Turning to motions filed by defendants, the court began with the parties' stipulation that Accu-Turn as an entity never had more than 20 employees. After hearing arguments, the court issued its written decision granting defendants' motions for summary judgment on the ground that Just did not establish that Accu-Turn was subject to COBRA. Now, Just asks this court to reconsider its decision and order granting Accu-Turn's motion for summary judgment, granting the summary judgment motions of David Insurance and Westport Insurance, and dismissing this case. On the other hand, Accu-Turn seeks clarification regarding the status of its third-party state law claims. Lastly, Accu-Turn asks the court for an award of attorney's fees. For the reasons set forth below, the court will deny Just's motion to reconsider, amend the judgment and decline Accu-Turn's request for attorney's fees.
A movant seeking relief under Rule 59(e) must demonstrate a manifest error of law or fact or present newly discovered evidence. Boyd v. Tornier, Inc., 656 F.3d 487, 492 (7th Cir. 2011). "This rule enables the court to correct its own errors and thus avoid unnecessary appellate procedures." Miller v. Safeco Ins. Co. of Am., 683 F.3d 805, 813 (7th Cir. 2012) (internal quotation marks and citation omitted). Whether to grant or deny a Rule 59(e) motion "is entrusted to the sound judgment of the district court." Id.
Just asserts that the court committed manifest errors of law by failing to (1) view the evidence presented in the light most favorable to the non-moving party, (2) determine that the exhibits attached to the Affidavit of Shawn M. Govern in opposition to summary judgment would be admissible at trial, if authenticated, (3) determine that his employer, Accu-Turn, did not meet its burden of proof that it is not subject to COBRA based upon the existence of a control group that includes Accu-Turn and could have more than twenty employees, and (4) determine that Accu-Turn was estopped from asserting that it was not subject to COBRA, when it represented to him between May 2008, and November 2009, that it was subject to COBRA and provided benefits to him.
The plain language of Rule 56(c) mandates the entry of summary judgment after adequate time for discovery and a motion against a party who fails to make a showing sufficient to establish the existence of an essential element to the party's case on which that party bears the burden of proof at trial. Celotex Corp. v. Catrett, 477 U.S. 317, 322, 106 S. Ct. 2548, 91 L. Ed. 2d 265 (1986). After Just withdrew his motion for summary judgment, defendants were entitled to summary judgment if Just as plaintiff failed to establish that Accu-Turn was an employer within the meaning of COBRA. COBRA rules do not apply to employers with "fewer than 20 employees on a typical business day during the preceding calendar year," 29 U.S.C. § 1161(b), and, with due regard for this requirement, Accu-Turn presented evidence that it never had more than 19 employees.
Nevertheless, Just asserts that Accu-Turn must establish that it is not part of a controlled group with more than twenty employees.
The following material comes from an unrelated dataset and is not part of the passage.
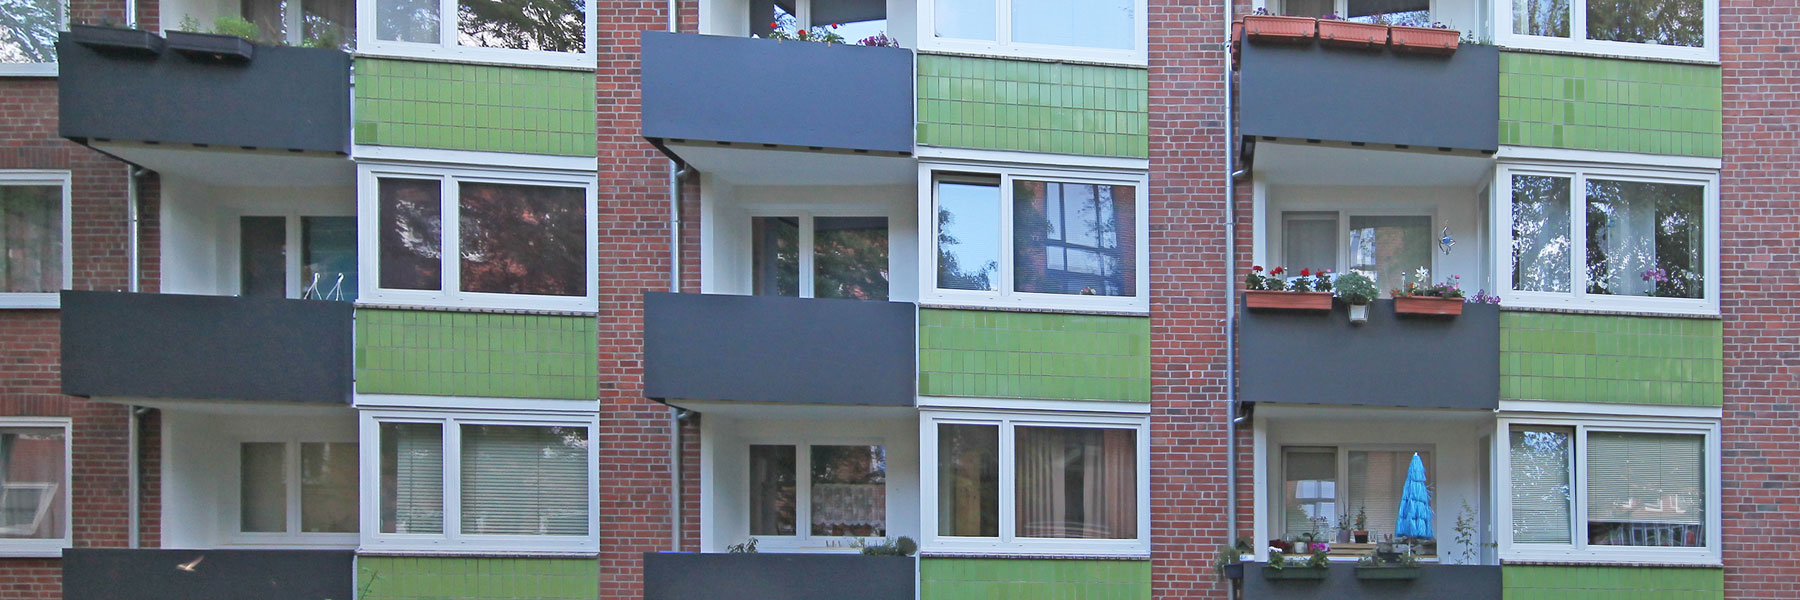 Instandsetzung und Modernisierung von stadtbildprägenden Wohngebäuden, Hamburg

But, he did not make this argument in his underlying motion, and now cites an unpublished case from the Southern District of New York, which states that "[a]bsent any definitive evidence of the number of employees employed during 1990 by all the employers maintaining the Health Plan, it cannot be held that plaintiffs' COBRA claim is barred by the exemption for small employers." Silver v. I. Goldberg & Partners, Inc., No. 92 Civ. 6989 (MBM), 1994 WL 392187, *3 (S.D.N.Y. Jul. 28, 1994). Just argues that "[i]t is sensible to place the burden of proof of an affirmative defense on the defendant, rather than making the plaintiff prove a negative." See James River Ins. Co. v. Kemper Cas. Ins. Co., 585 F.3d 382, 385 (7th Cir. 2009).
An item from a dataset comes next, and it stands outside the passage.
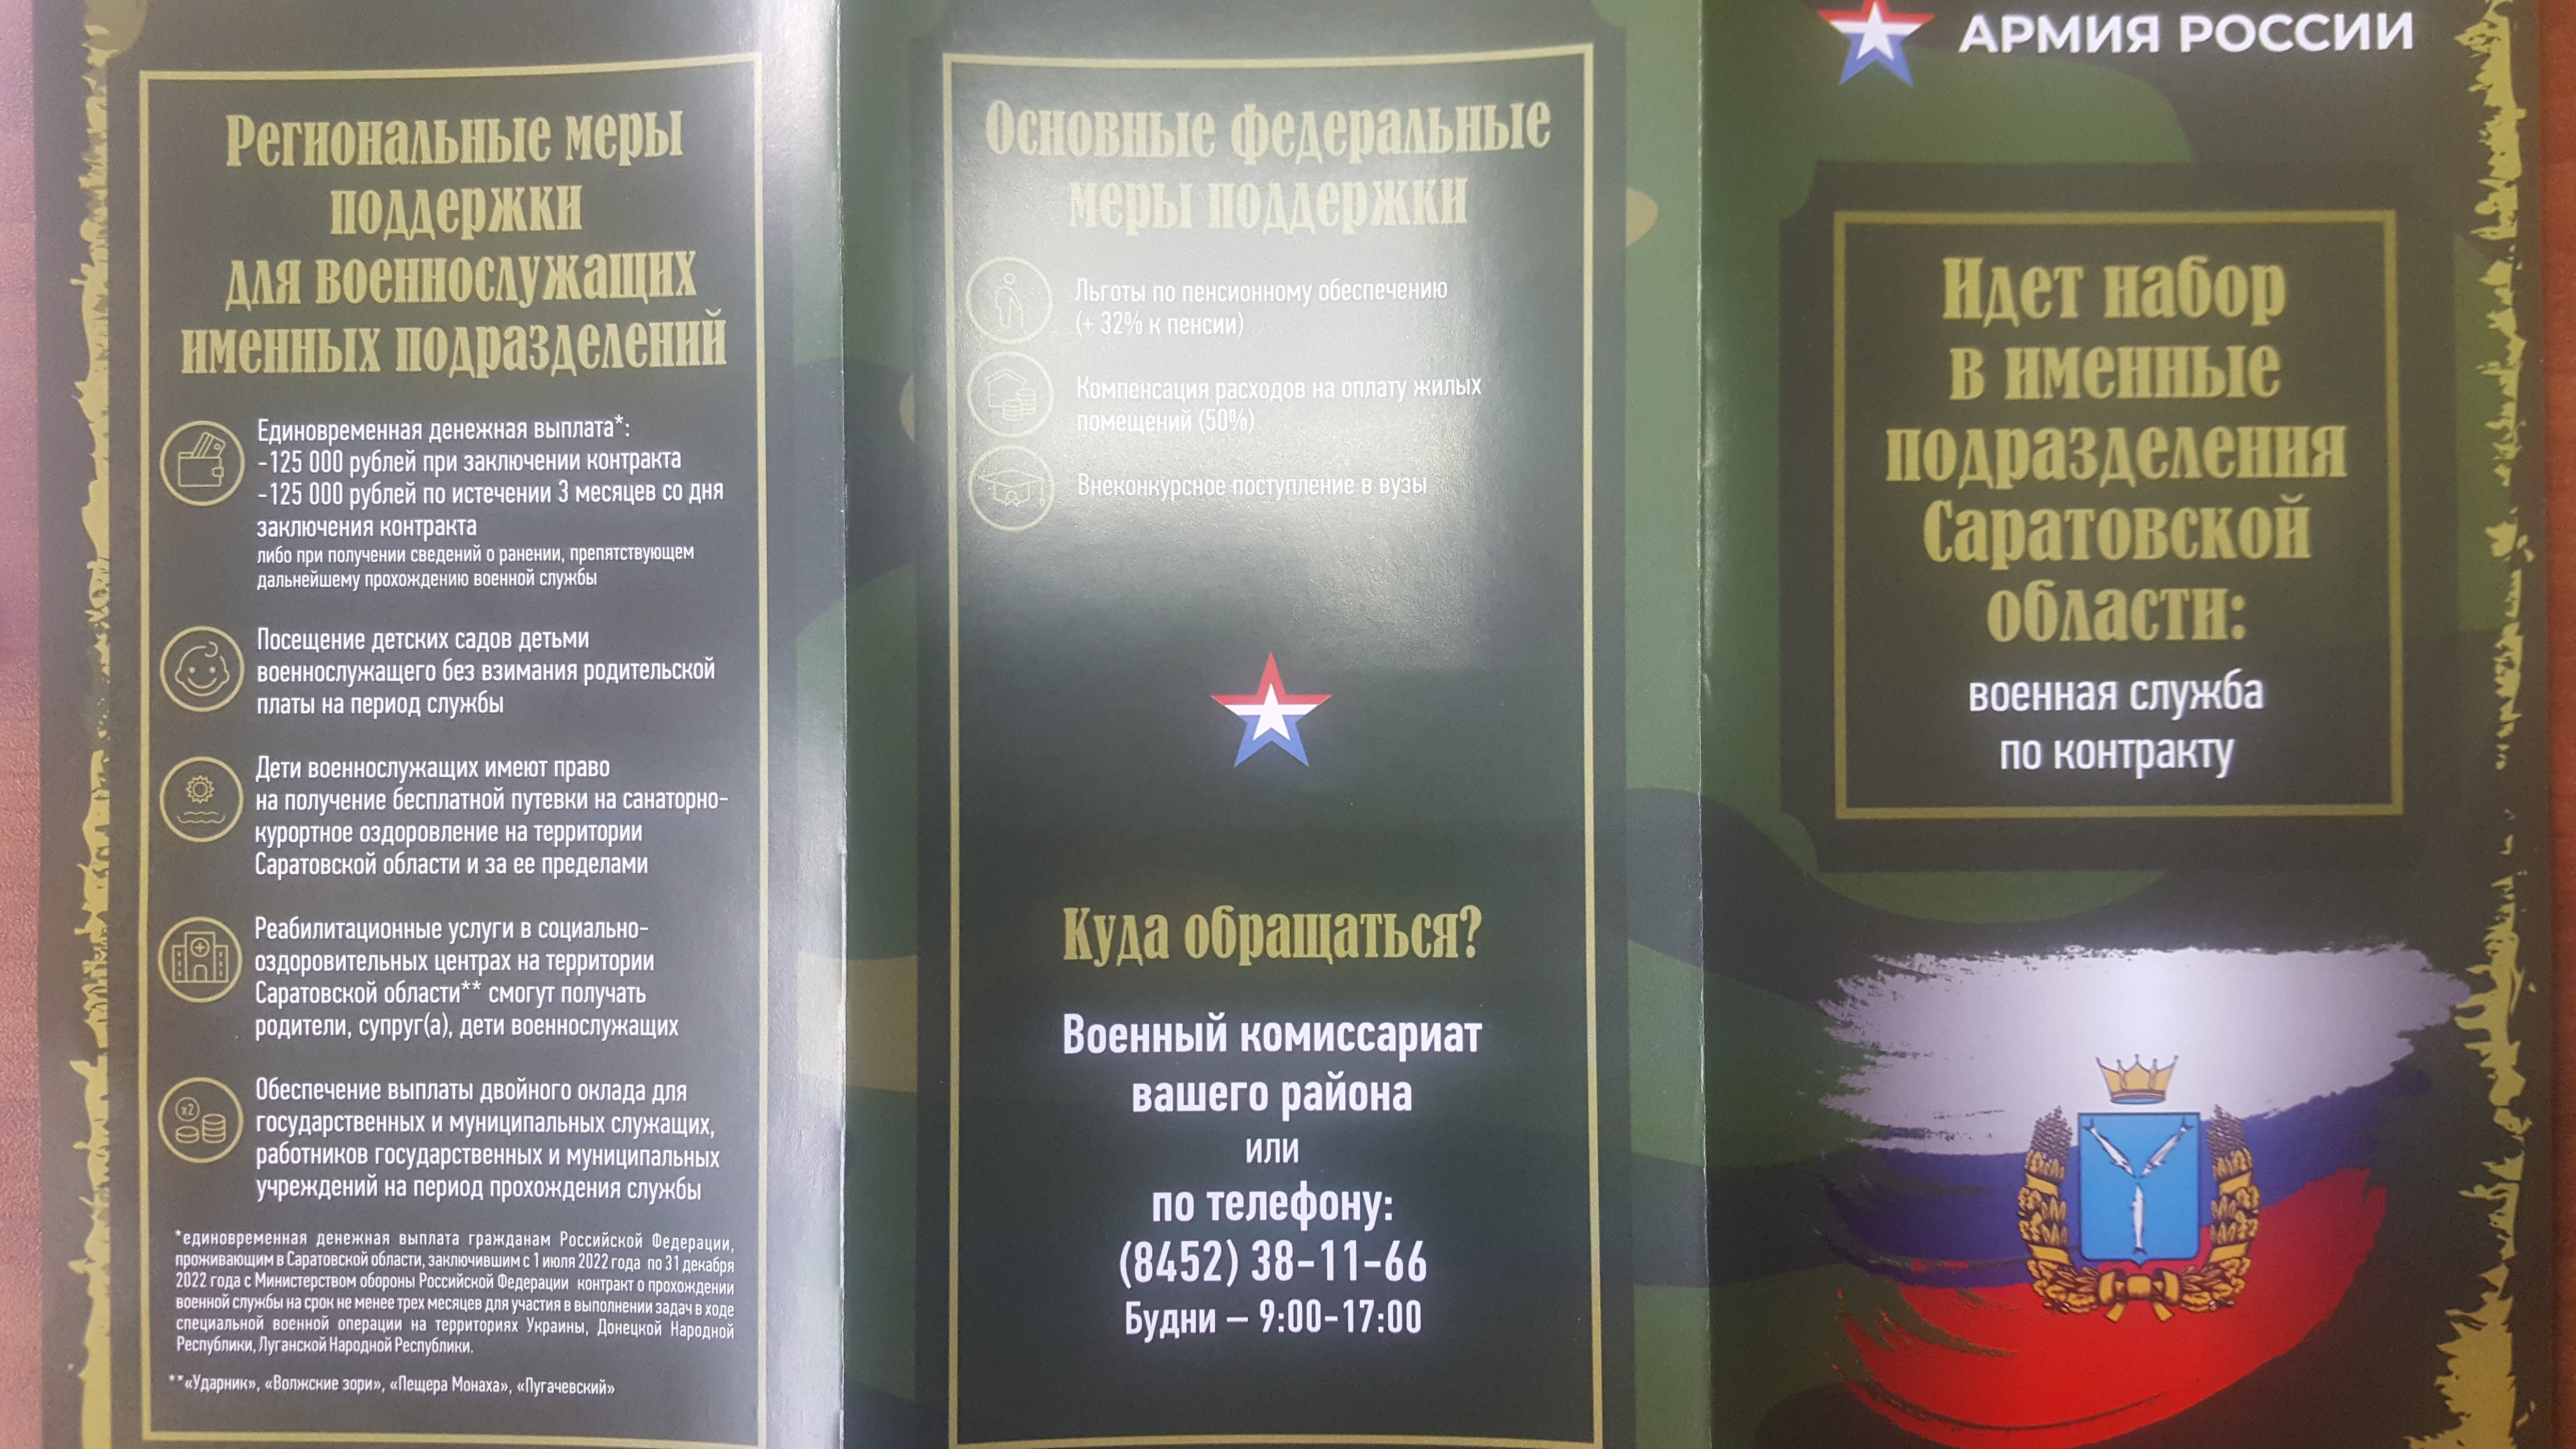 Идет набор в именные подразделения Саратовской области: военная служба по контракту.

A district court in the Western District of Wisconsin reached the opposite conclusion. There, the court held that plaintiff must establish the essential element of his claim, and in particular, that the employer qualifies as an employer under COBRA. Winchel v. Associated Training Services Corp., No. 99-816, 2000 WL 34229421, at *4 (W.D. Wis. Aug. 30, 2000). "Without properly proposed facts establishing that defendant Associated Training and related corporations constitute a controlled group under 26 U.S.C. § 1563(a)(2) or that defendant Associated Training has the requisite number of employees, plaintiff cannot raise a triable issue of fact on his claim . . ." Id. The Winchel case treats the question of whether Accu-Turn qualifies as an employer under COBRA as an essential element of the Just's claim. In addition, the United States Supreme Court in Arbaugh v. Y& H Corp. determined that the numerical threshold in a Title VII case is not jurisdictional but rather an element of the plaintiff's claim for relief. Arbaugh v. Y&H Corp., 546 U.S. 500, 516, 126 S. Ct. 1235, 1238 (2006).
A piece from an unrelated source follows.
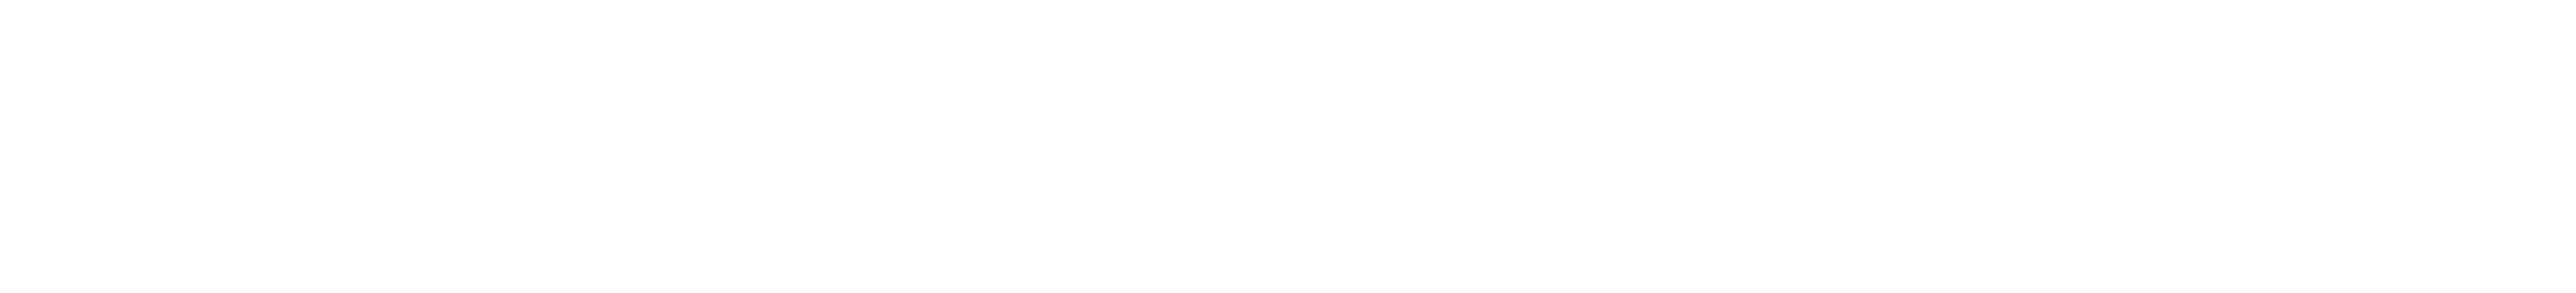 public health phd columbia

To show that Accu-Turn was part of a controlled group employing twenty or more employees, Just relied on several exhibits that he believes the court erroneously disregarded Exhibit A, identified as a single page of the Accu-Turn 2006 tax return and Exhibit B, identified as the Seater Group 401K/Pension statement from Johnson Bank. However, Just's counsel acknowledged that neither exhibit was properly authenticated.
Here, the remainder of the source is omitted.